Меж тем действие выплеснулось на улицы, вынесенное «ан масс». Витальич не шел сам, сразу падал. При несении его втроем, на манер бревна, падал Митрич. Приноровились тащить по очереди, Витальич упирался. На шоссе Витя предпринял попытку остановить машину, припрятав падающих за троллейбусную остановку. И машина даже остановилась и чуть не приняла в свое нутро Витю с Потапкиным, но когда от остановки отделились траспортируемый с траспортирующим и, отделившись, продолжили свободное движение вперед и вниз, внутри машины проявился водитель, рявкнув: «Твою мать, охренели!» — и рванул прочь в офонарелые дали проспекта.
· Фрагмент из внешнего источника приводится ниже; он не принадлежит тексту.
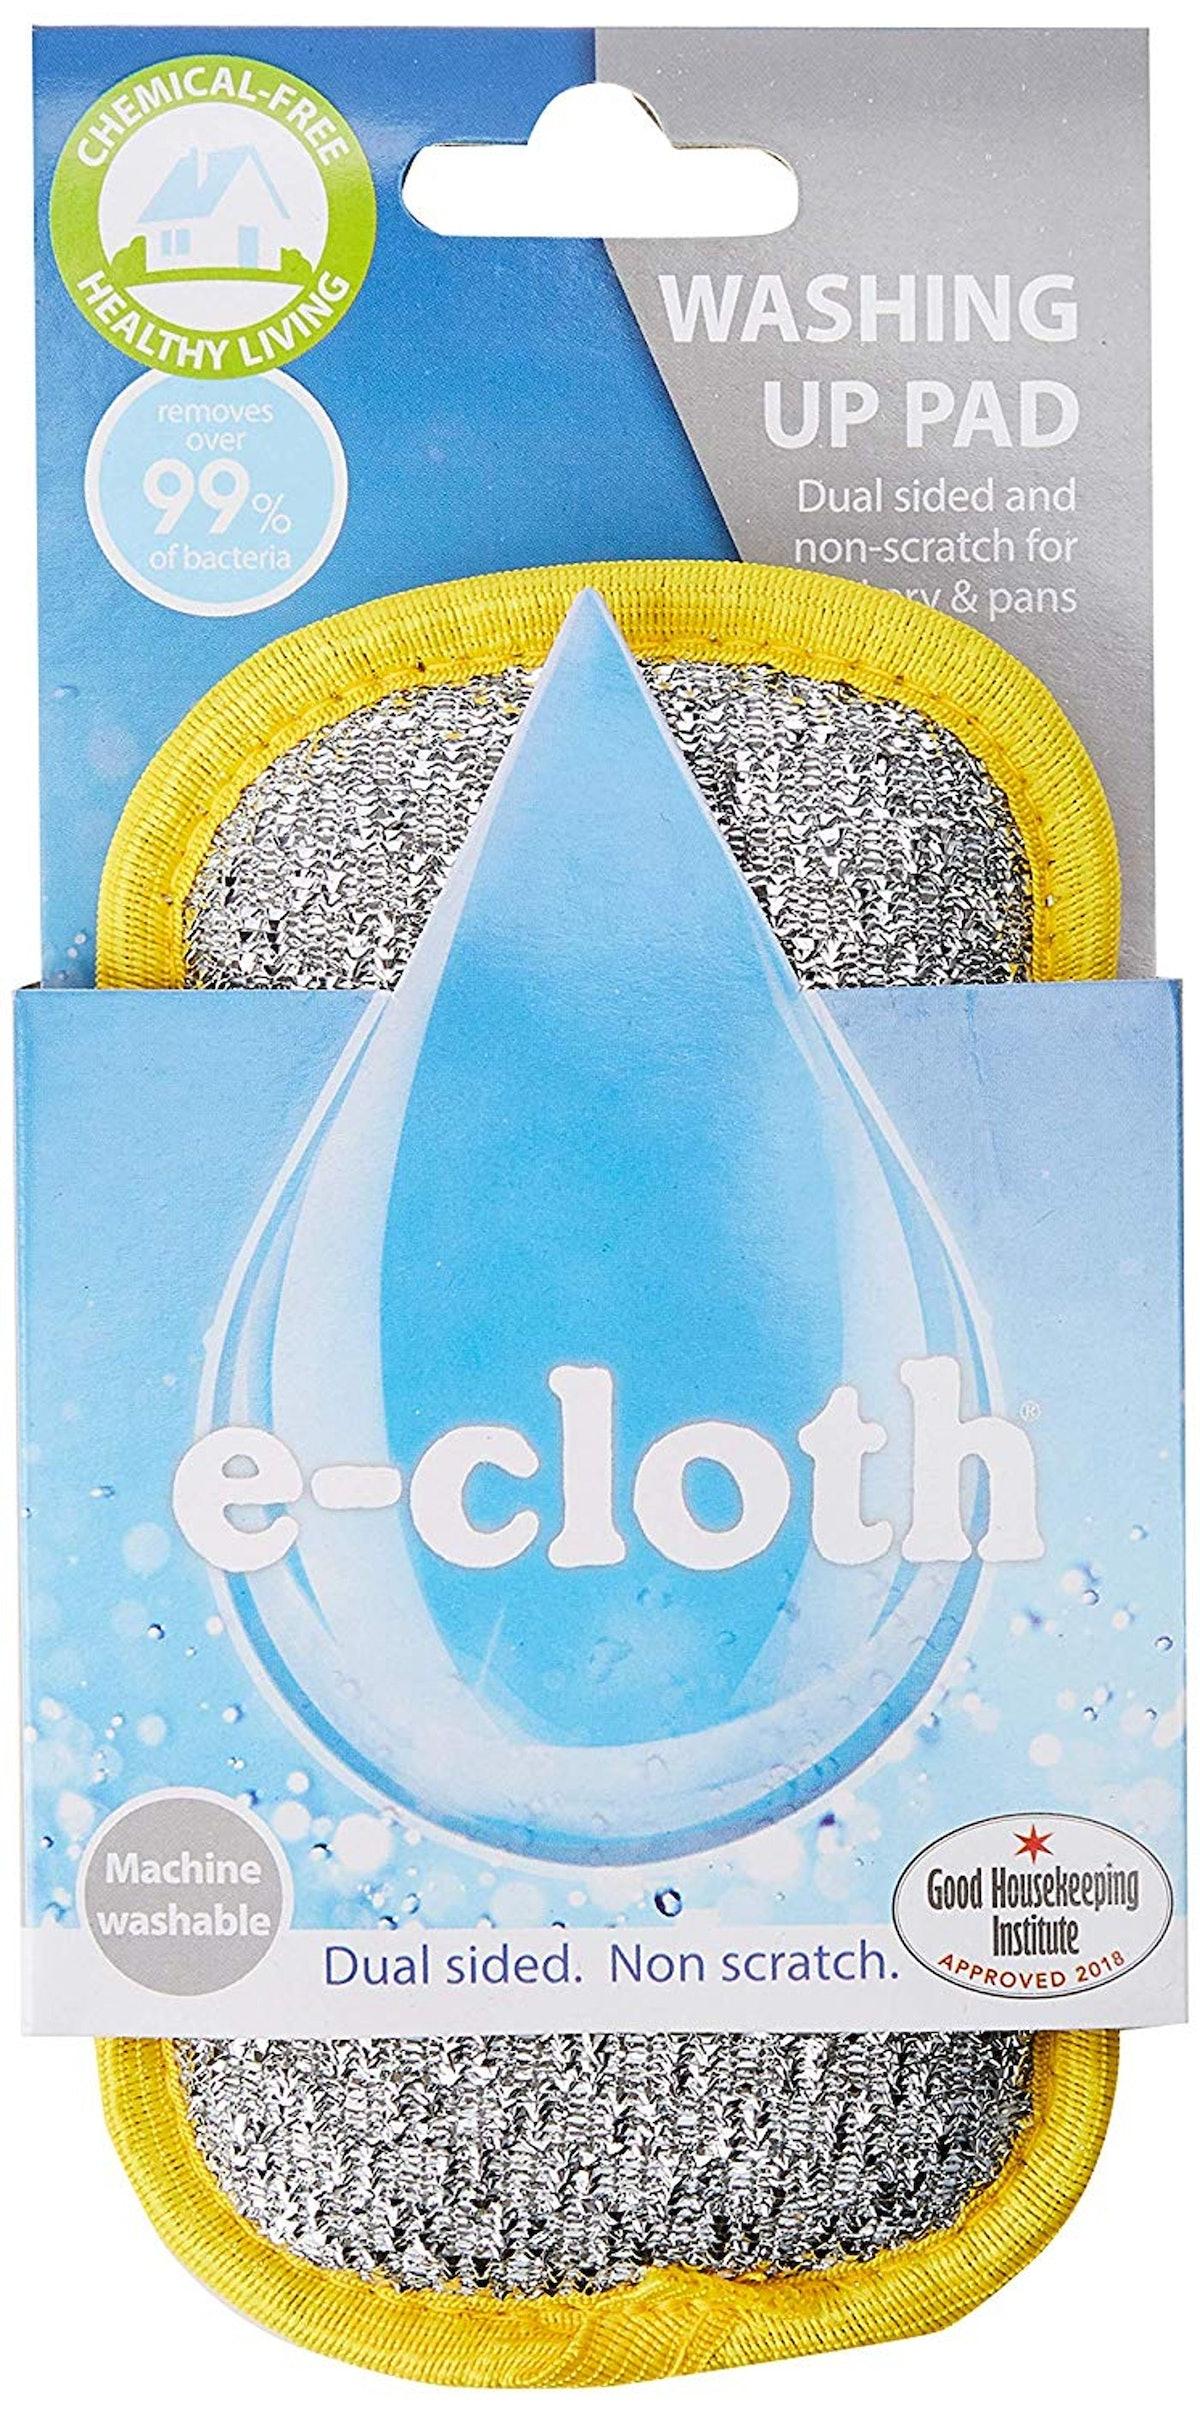 E-Cloth Washing Up Pad

Четыре долгих квартала они несли Витальича, падая в снег и теряя Митрича, но это не самое увлекательное и удивительное в их экспедиции. Ведь речь о старых доперестроечных временах, и непонятно, где они нашли пиво в три часа ночи, когда не ходили и такси.
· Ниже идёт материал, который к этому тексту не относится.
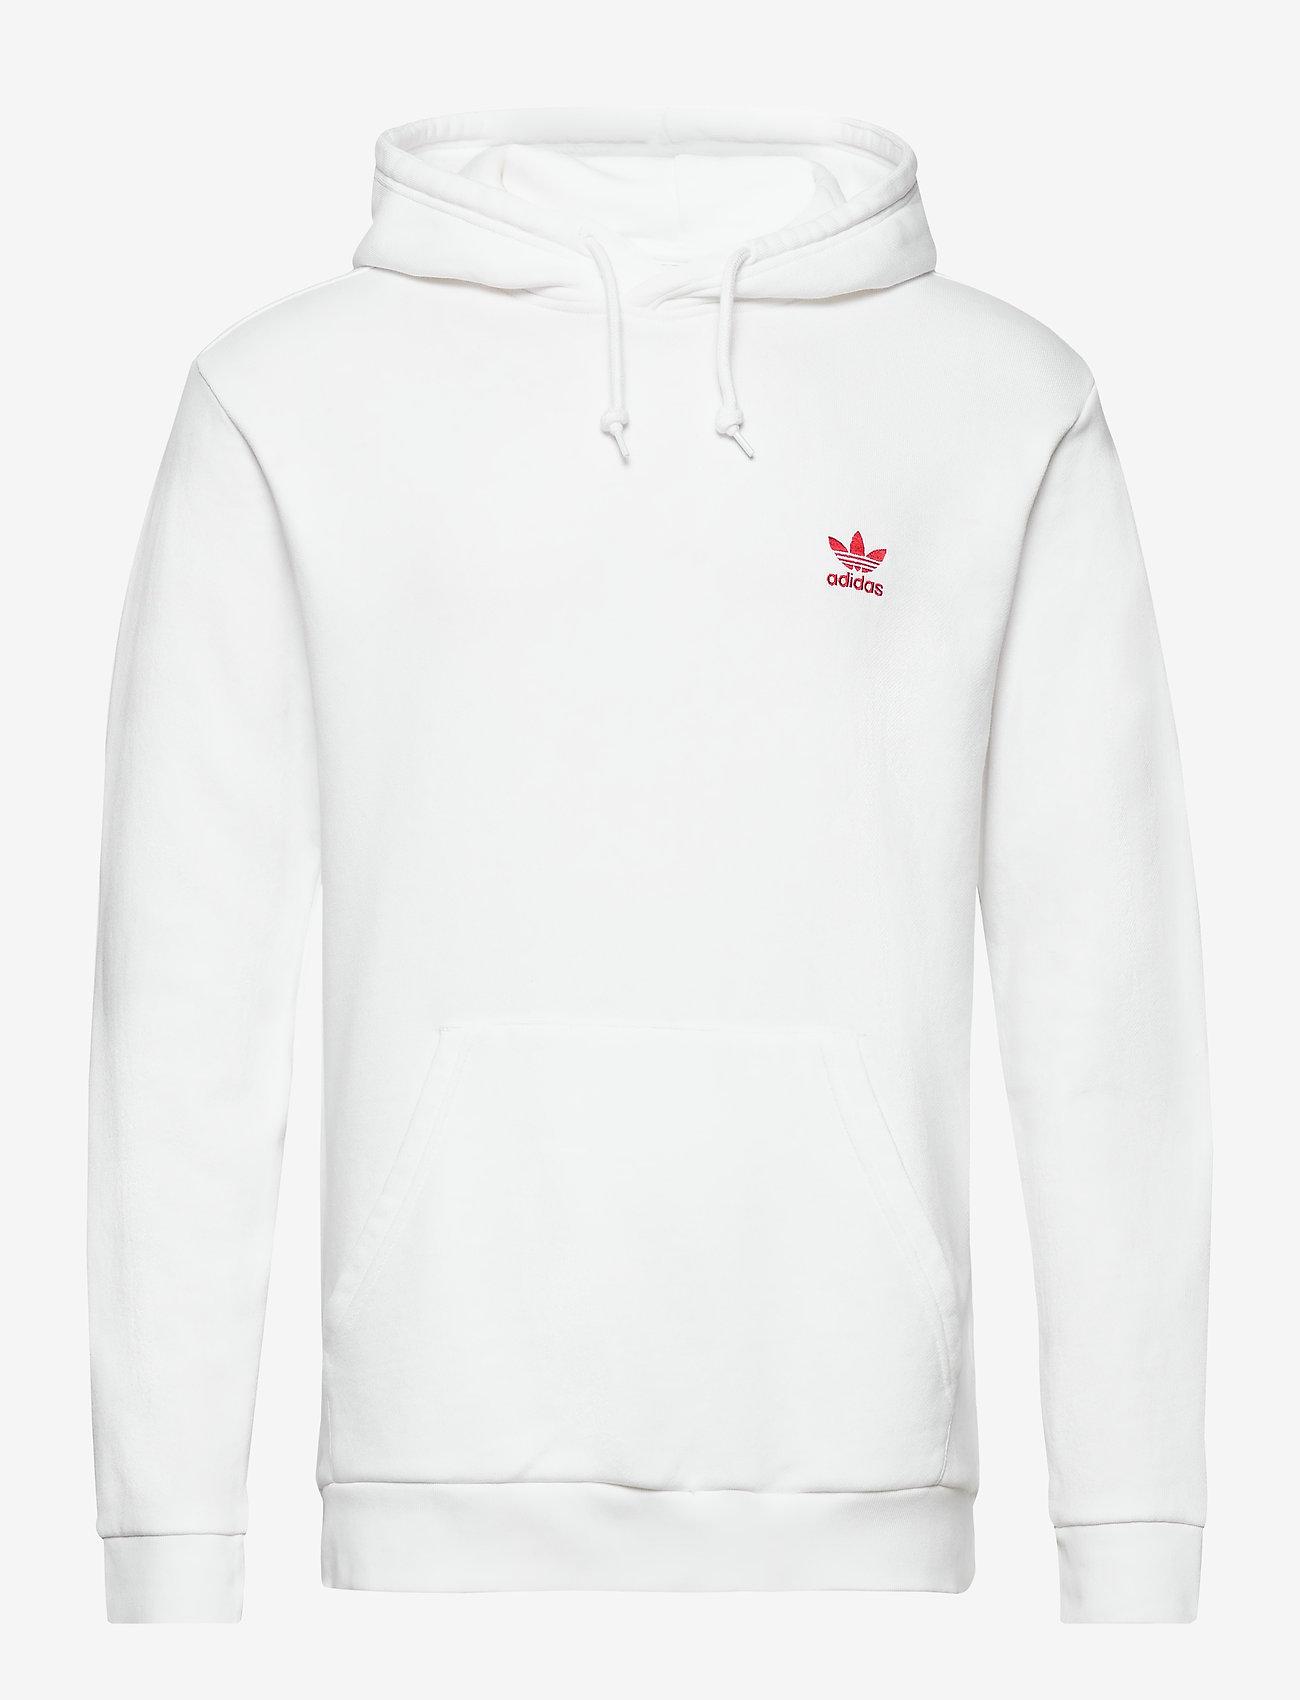 Essential Hoody (White/scarle) - adidas Originals EmR1qq

Возвращение героев ознаменовалось бурными танцами, хотя один из ахейцев не вернулся, но не Митрич, как можно ожидать, а Потапкин Алеша. Потом они загрустили, сели за стол, долго и мрачно пили пиво и были совершенно… Совершенно счастливы.



ЖОРЖ ЗАНД

Как-то ведь ее звали. Никто не помнил. Она была маленькая, полненькая и юмористка. Не в том смысле, что шутила, напротив, она казалась неколебимо серьезной — она писала юмористические рассказики. По ночам. А почему ее меж собой прозвали Жорж Занд — неизвестно.
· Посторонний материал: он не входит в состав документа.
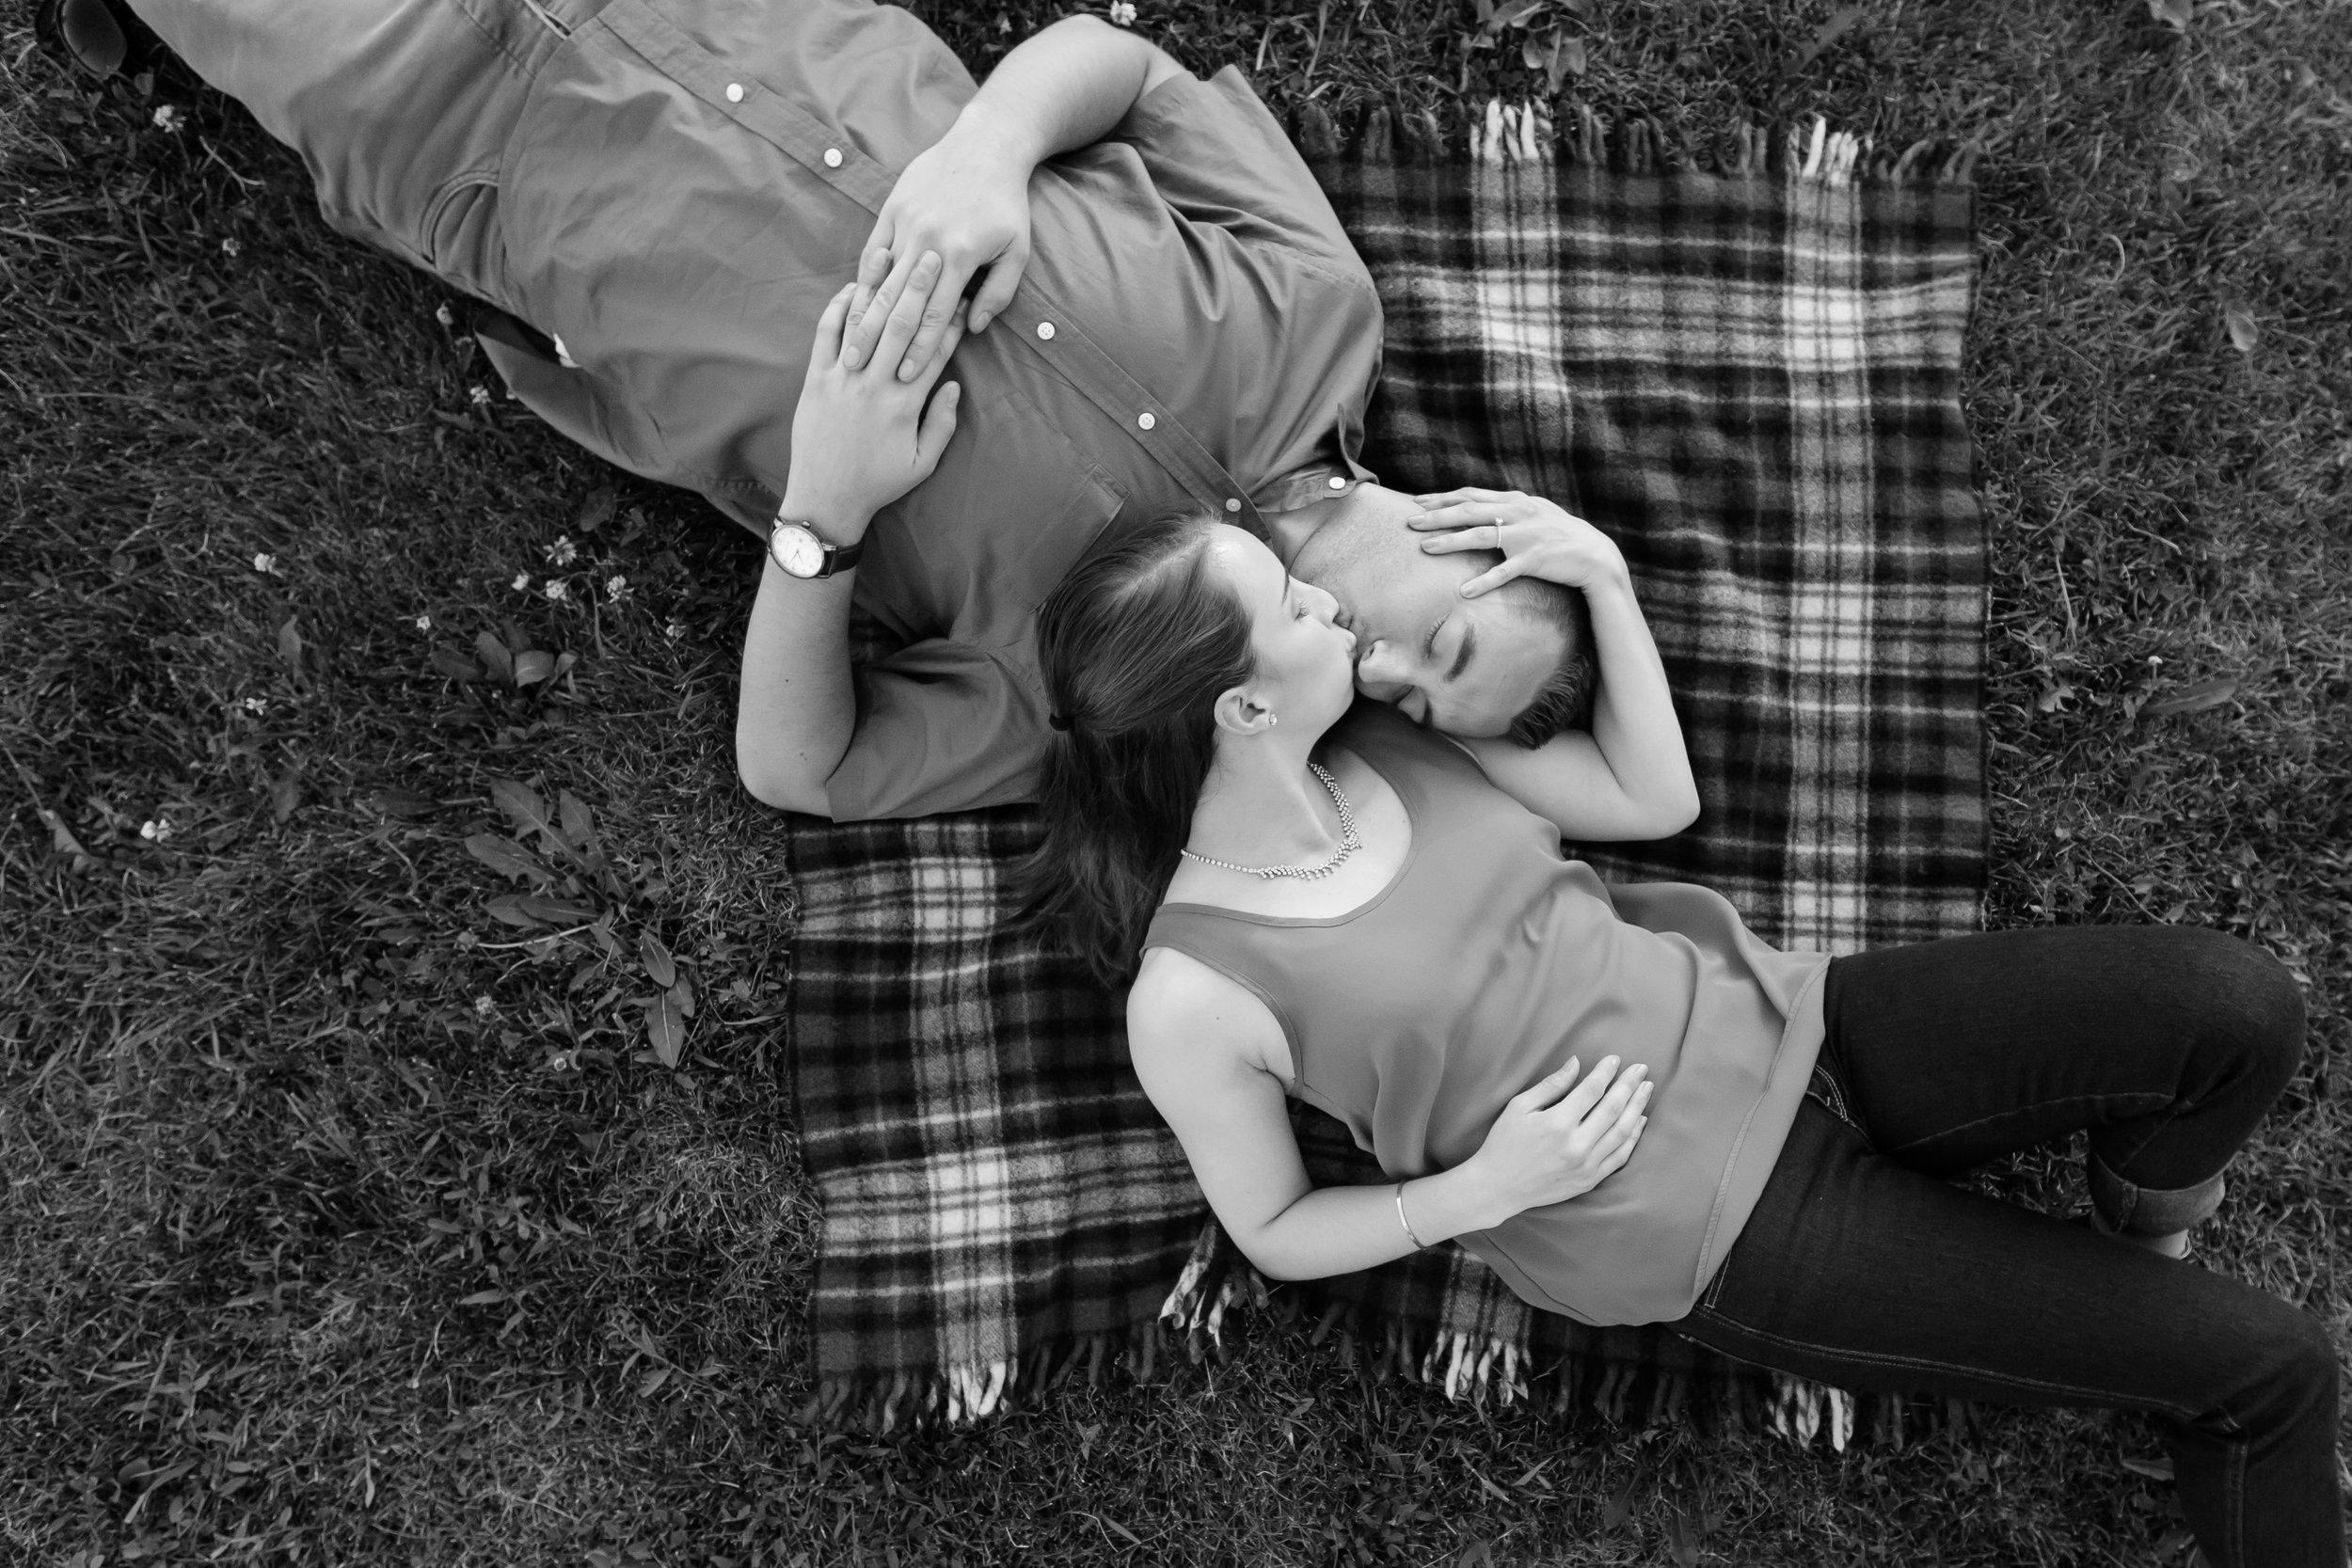 picnic-engagement-photo

Жорж Занд привел с собой Колесик, он вывез ее откуда-то с Севера и женился на ней (или сперва женился, а потом вывез). Это было вообще-то не по правилам. На встречу с одноклассниками не принято приводить жен, мужей или кого бы то ни было постороннего. Но Колесик правила нарушил. Он и сам был довольно творческой личностью. В десятом классе писал стихи, обильно насыщенные ненормативной лексикой, а еще хорошо рисовал зайцев шариковой ручкой. Но Жорж Занд оказалась настоящей писательницей, потому ее не стыдно было привести хоть куда. Один ее рассказик даже читали по радио, она сама говорила. Она сразу все про себя рассказала, про то, что женщин-юмористов почти и нет вовсе; о своем литературном объединении, где собираются такие же, как она, но мужчины; о том, как пишет по ночам и не любит акульи плавники в пальмовом масле. Громко так рассказывала, народ даже поесть не успел, только выпивал потихоньку.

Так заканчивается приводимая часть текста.